==== Data section ====

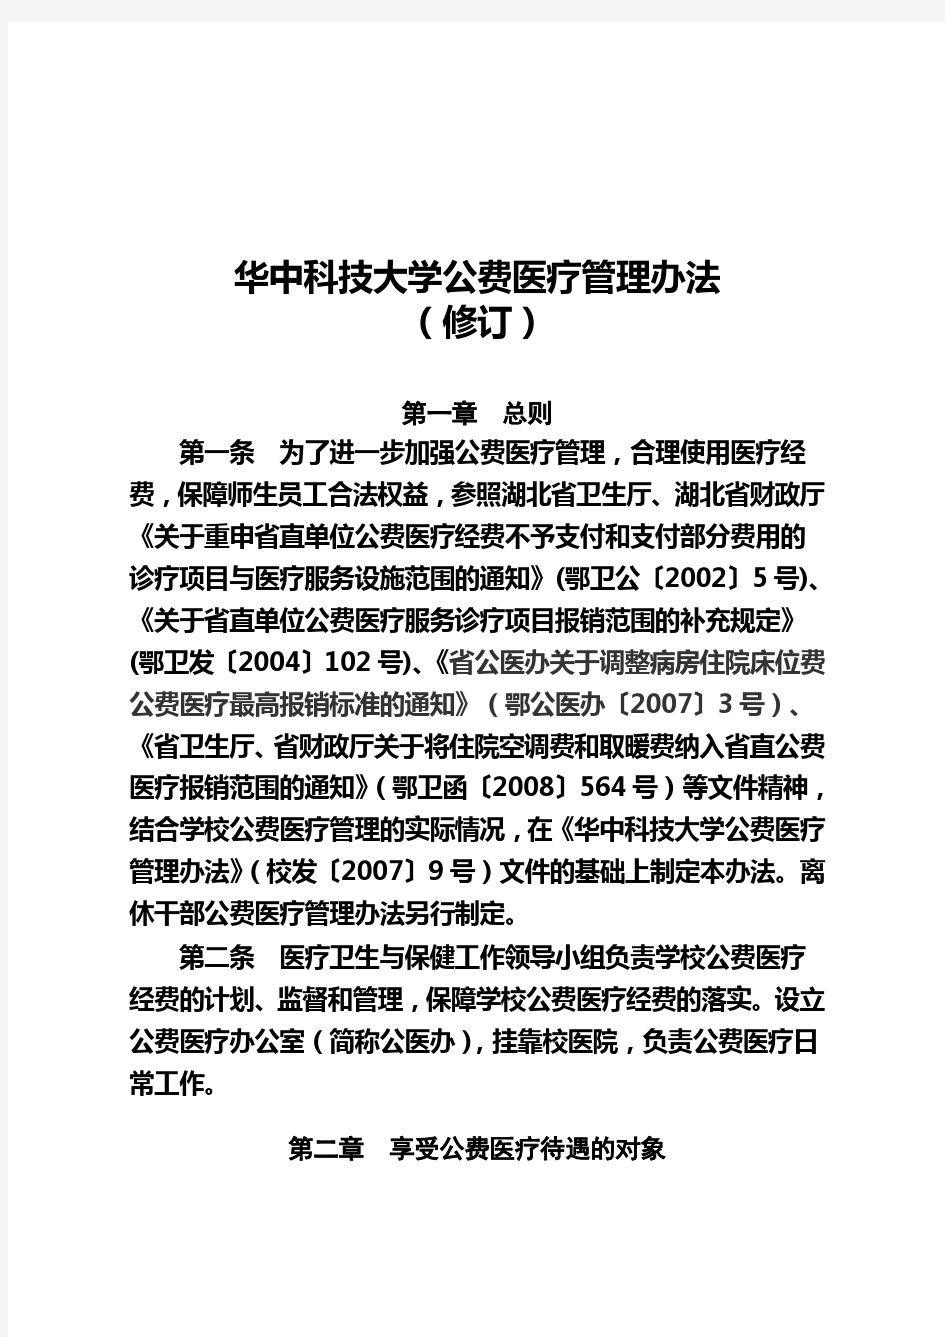 华中科技大学公费医疗管理办法(修订)
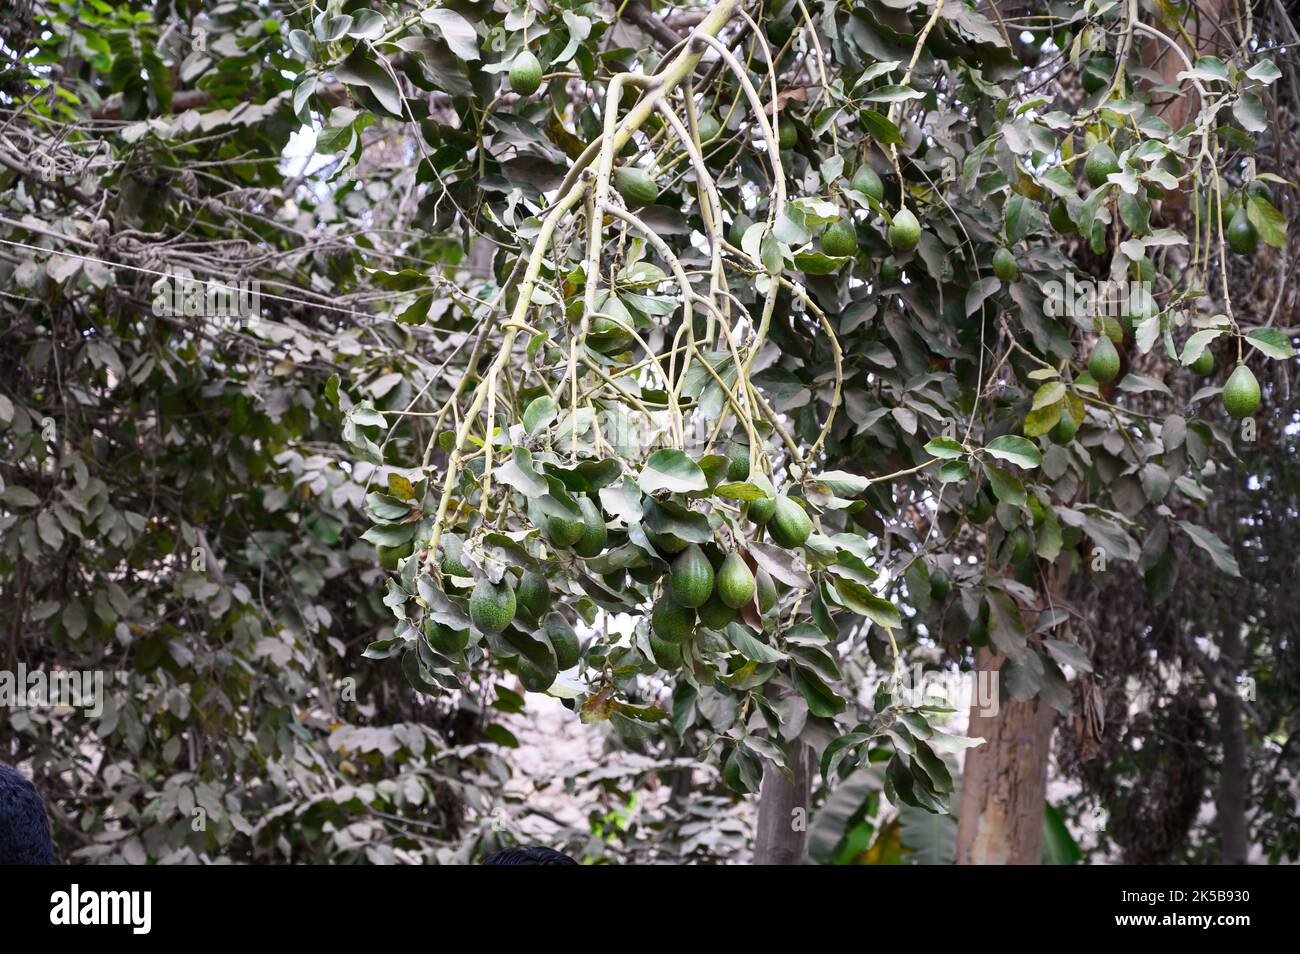 Avocats accrochés à la branche d'arbre dans une plantation d'arbres fruitiers Banque D'Images
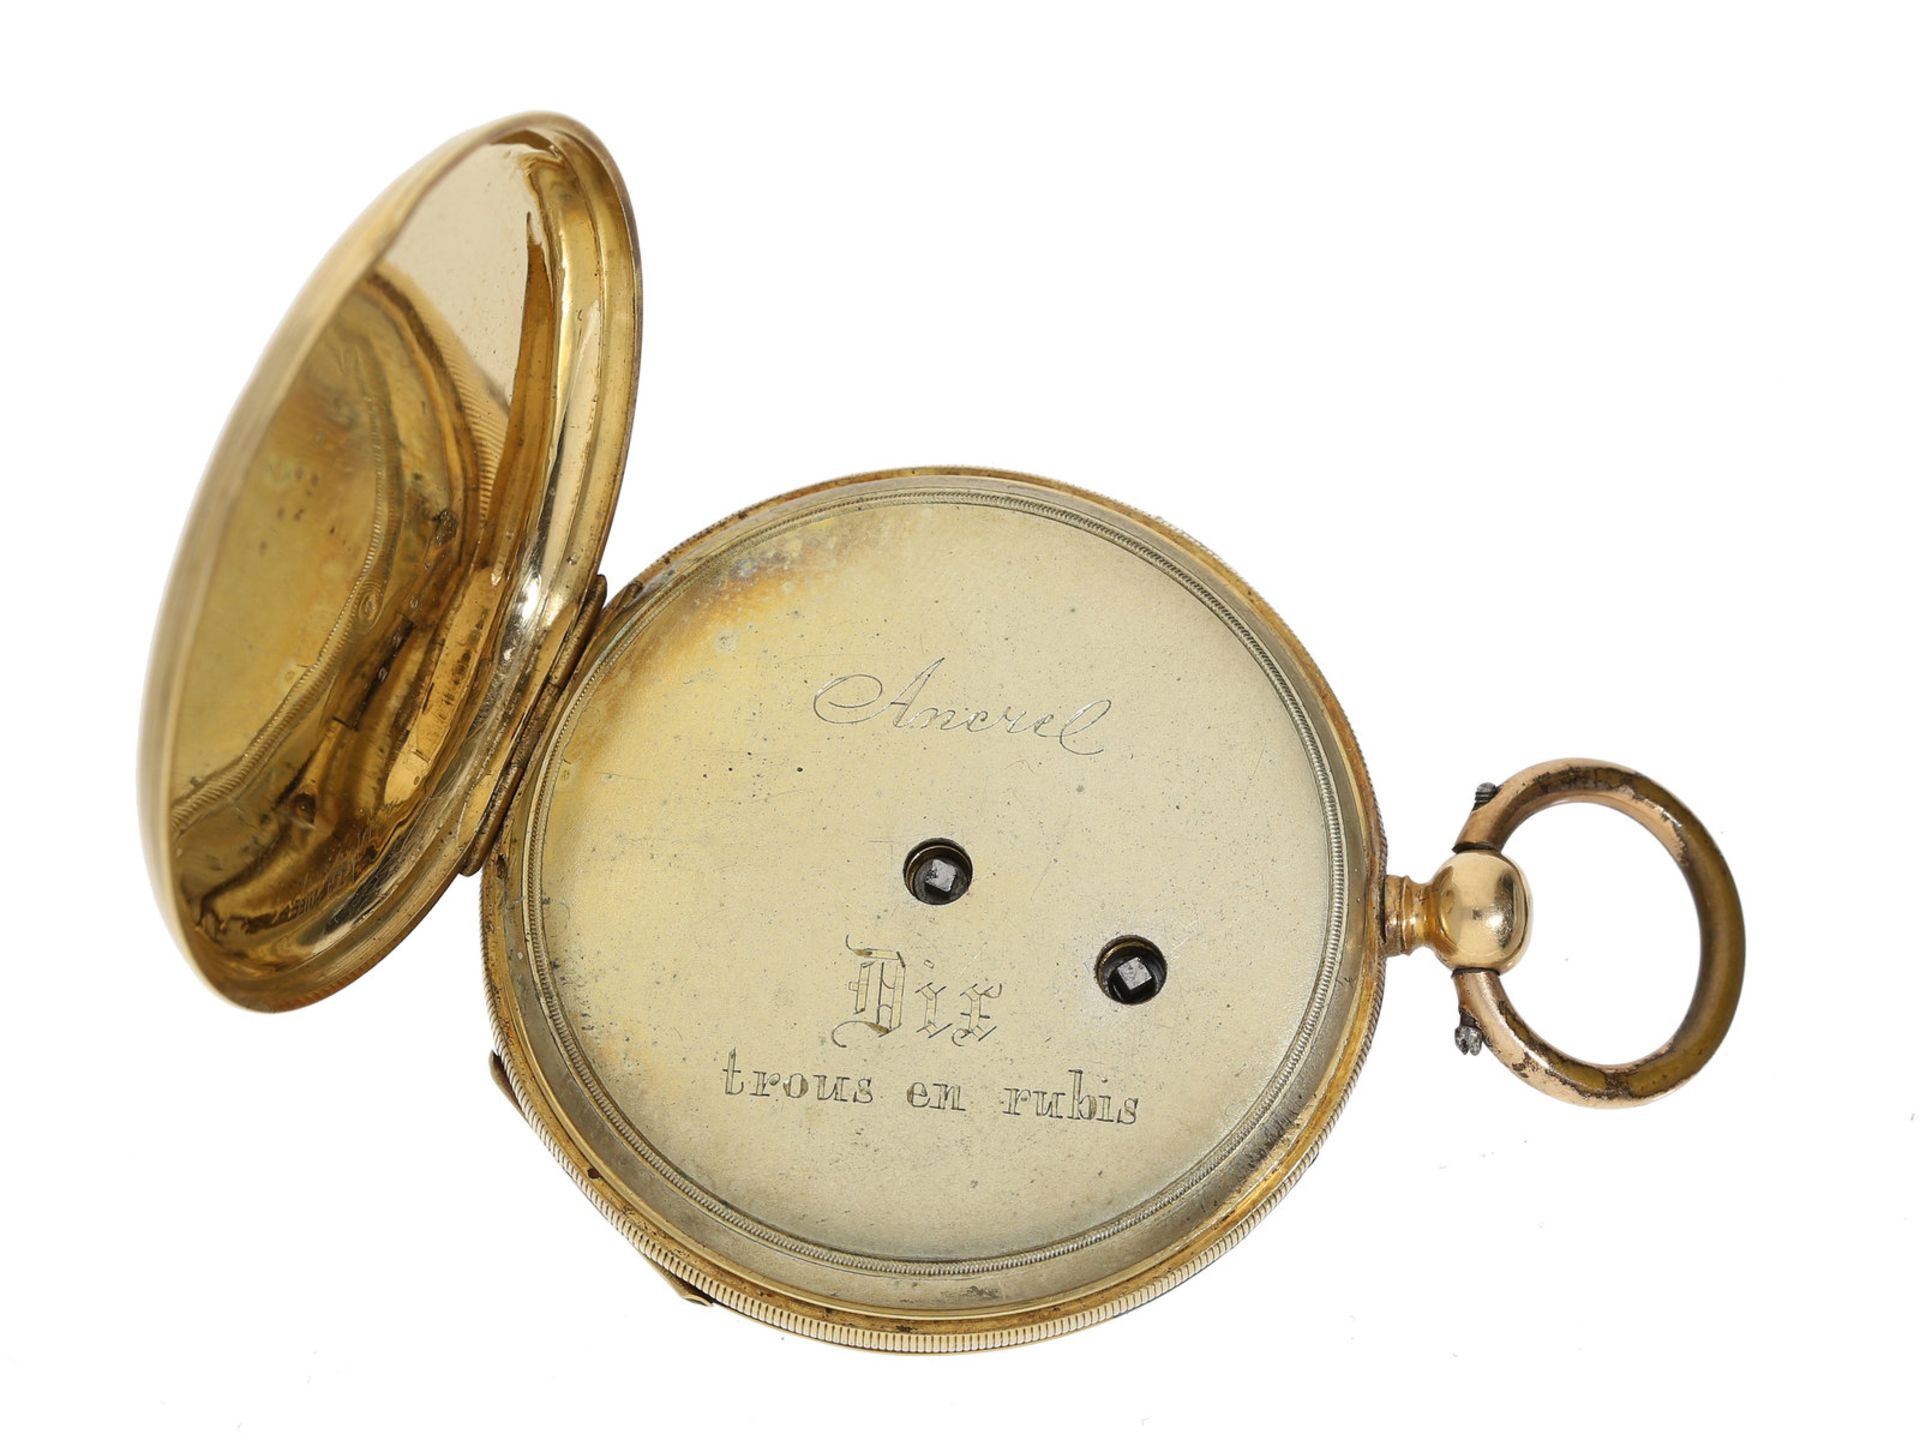 Taschenuhr: sehr schöne 18K Goldlepine mit graviertem Zifferblatt, maritimes Motiv, frühes Anke - Bild 2 aus 3

====

Give back the full data exactly as it reads, but drop the pictures.

Result of the task:
 华中科技大学公费医疗管理办法(修订)
 Avocats accrochés à la branche d'arbre dans une plantation d'arbres fruitiers Banque D'Images
 Taschenuhr: sehr schöne 18K Goldlepine mit graviertem Zifferblatt, maritimes Motiv, frühes Anke - Bild 2 aus 3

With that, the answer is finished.